3

I am trying to create n columns of vectors of length x subject to the following criteria:

i) each i'th component of every vector (eg, x[i]) has a minimum and a maximum value. The minimums and maximums are expressed as a percentage.

ii) the sum of each column is 1.

iii) I'd like to make sure I sample the entire space evenly.

I have written the following routine, called 'gen_port' which takes two vectors which contain the lower bound and upper bound for the vector, plus the number of random vectors to generate (eg, N).

def gen_port (lower_bound, upper_bound, number):
    import random
    # Given vector description of minimum and maximum, return an array of 'number' vectors,  each of which sums to 100%
    # We generate RVs, scale them by upper and lower bounds, then normalize. 
    values = np.random.random((len(lower_bound),number))   # create big array of RVs. 
    for n in range (0,number):
        for i in range (0, len(lower_bound)):
            values[i,n] = np.float(lower_bound[i]+ values[i,n]*(upper_bound[i]-lower_bound[i]))  # scale
    return values

So, for example, if I am generating 10 columns of vectors which are described by the following vectors:

lower_bound = [0.0,0.0,0.0,0.0]
upper_bound = [0.50,0.50,0.50,0.50] 
gen_ports(lower_bound, upper_bound, 10)

[Out]
array([[ 0.15749895,  0.21279324,  0.35603417,  0.27367365],
   [ 0.2970716 ,  0.48189552,  0.04709743,  0.17393545],
   [ 0.20367186,  0.47925996,  0.21349772,  0.10357047],
   [ 0.29129967,  0.15936119,  0.26925573,  0.28008341],
   [ 0.11058273,  0.2699138 ,  0.39068379,  0.22881968],
   [ 0.21286622,  0.39058314,  0.33895212,  0.05759852],
   [ 0.18726399,  0.37648587,  0.32808714,  0.108163  ],
   [ 0.03839954,  0.24170767,  0.40299362,  0.31689917],
   [ 0.35782691,  0.31928643,  0.24712695,  0.0757597 ],
   [ 0.25595576,  0.08776559,  0.16836131,  0.48791733]])

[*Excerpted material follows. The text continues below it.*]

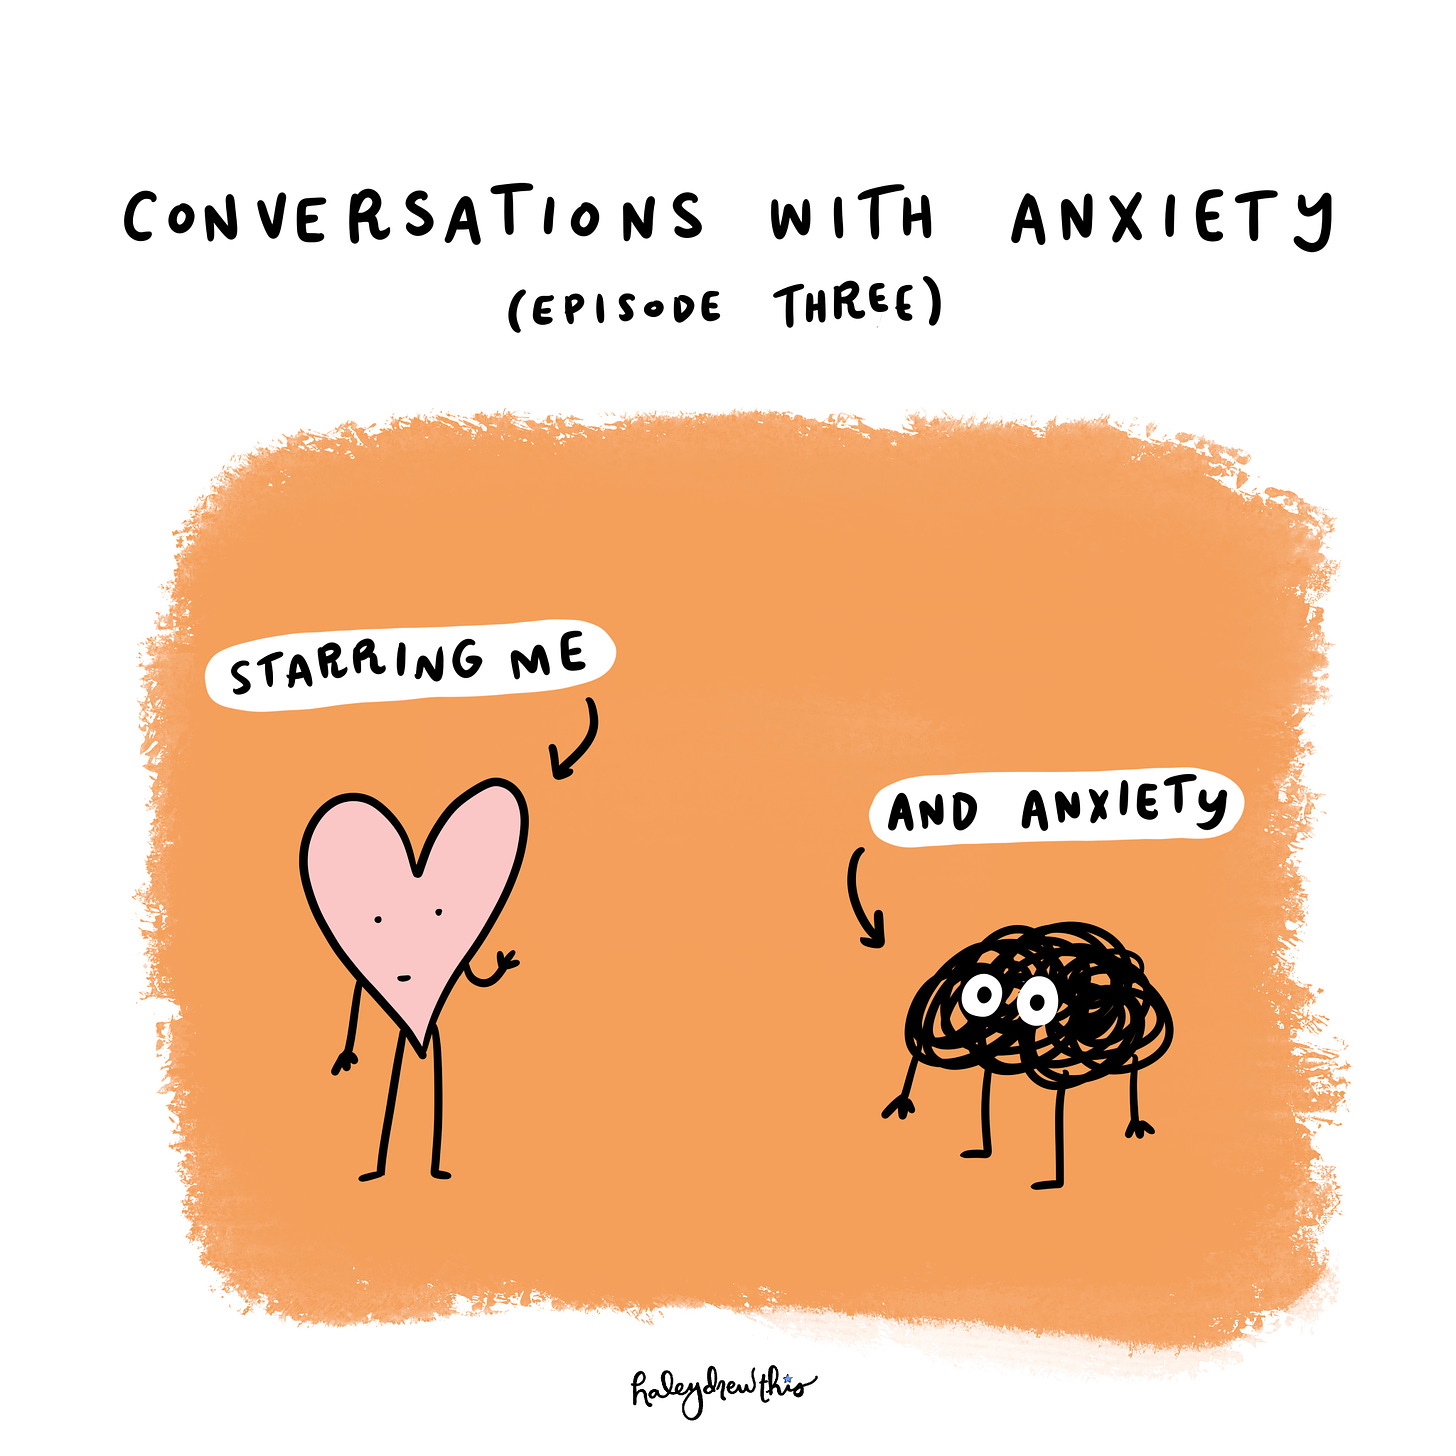 Conversations with anxiety: episode three

However, I want to be able to populate the vectors if the values for lower_bound and upper_bound are not homogenous.

Eg, if

[In]:
lower_bound = [0.0,0.25,0.25,0.0]
upper_bound = [0.50,0.50,0.75,1.0] 
gen_ports(lower_bound, upper_bound, 100000)

The results do not sum to 1 (only 10 samples included below):

[Out]:
array([[ 0.16010701,  0.31426425,  0.38776233,  0.1378664 ],
   [ 0.00360632,  0.37343983,  0.57538205,  0.0475718 ],
   [ 0.28273906,  0.2228893 ,  0.1998151 ,  0.29455654],
   [ 0.06602521,  0.21386937,  0.49896407,  0.22114134],
   [ 0.17785613,  0.33885919,  0.25276605,  0.23051864],
   [ 0.07223014,  0.19988808,  0.16398971,  0.56389207],
   [ 0.14320281,  0.14400242,  0.18276333,  0.53003144],
   [ 0.04962725,  0.2578919 ,  0.19029586,  0.50218499],
   [ 0.01619681,  0.21040566,  0.30615235,  0.46724517],
   [ 0.10905285,  0.23641745,  0.40660215,  0.24792755]])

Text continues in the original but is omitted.